- Born: 1903
- Died: 1978 (aged 74–75)
- Citizenship: Danish
- Occupations: Police inspector, author
- Years active: 1951–1971
- Organization: Copenhagen Morality Police
- Known for: Anti-homosexual activism
- Notable work: Boy Prostitution (1956) Pedophiles: Child Lovers (1964)

= Jens Jersild =

Danish law-enforcement officer and author (1903–1978)

Jens Jersild (1903–1978) was a Danish law-enforcement officer and author who, as the chief of Copenhagen's Morality Police, persecuted homosexuals under his position from 1951 until his retirement in 1971. He was known as one of the most prominent anti-gay figures of his time.

Jersild's raid of gay magazine Vennen in 1955 catalyzed what would later be known as the "pornography affair" (Pornografiaffæren), which culminated with multiple Danish gay men dying by suicide and LGBT+ Danmark losing nearly all of its members.
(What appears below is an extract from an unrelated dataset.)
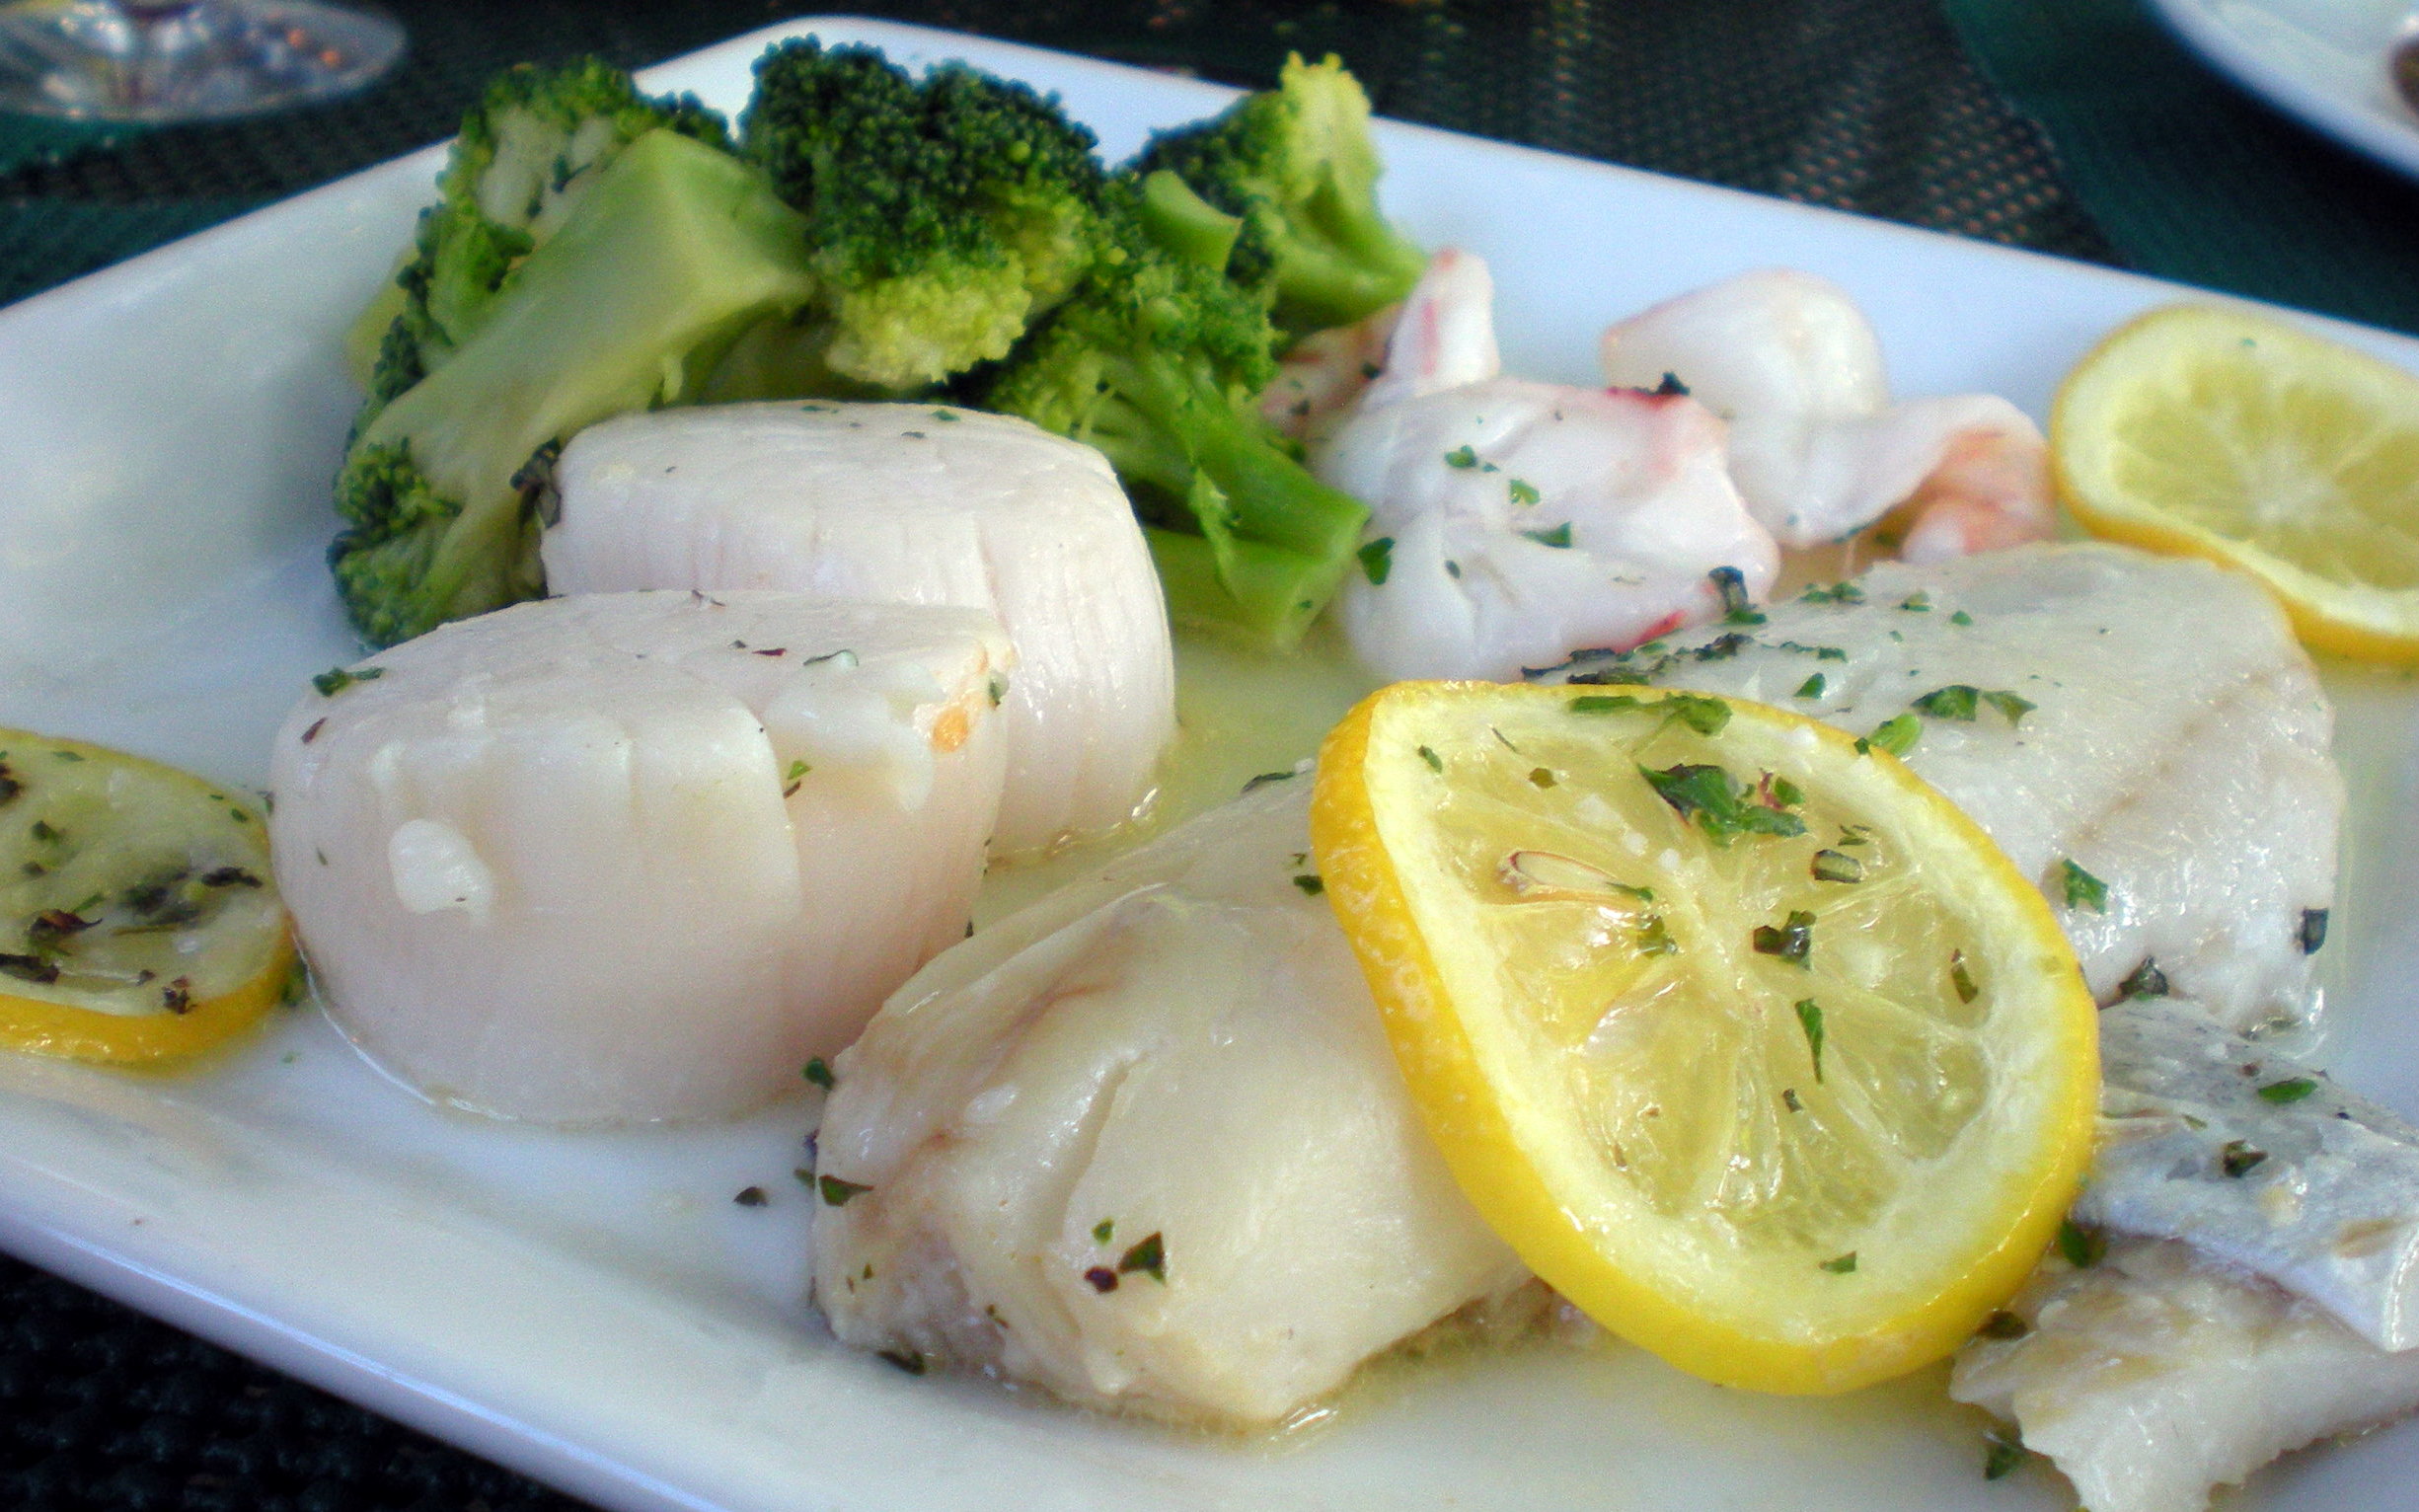 The Broiled Seafood Special: Large piece of fresh haddock, 2 large sweet and moist scallops, 2 butterflied shrimp served with steamed broccoli. EXCELLENT! It was done so you simply enjoyed the fresh sweetness of the seafood and no heavy sauce.

A prominent voice in Danish popular discourse, Jersild gave lectures and made multiple media appearances as an expert on the topic of sexual crimes across the country. His book Pedophiles: Child Lovers (1964) was an early introducer of the word "pedophile" into Danish public discourse. He is also the author of Boy Prostitution (1956). Jersild was an advisor in the production of crime movie Bundfald (1957), as well as other films.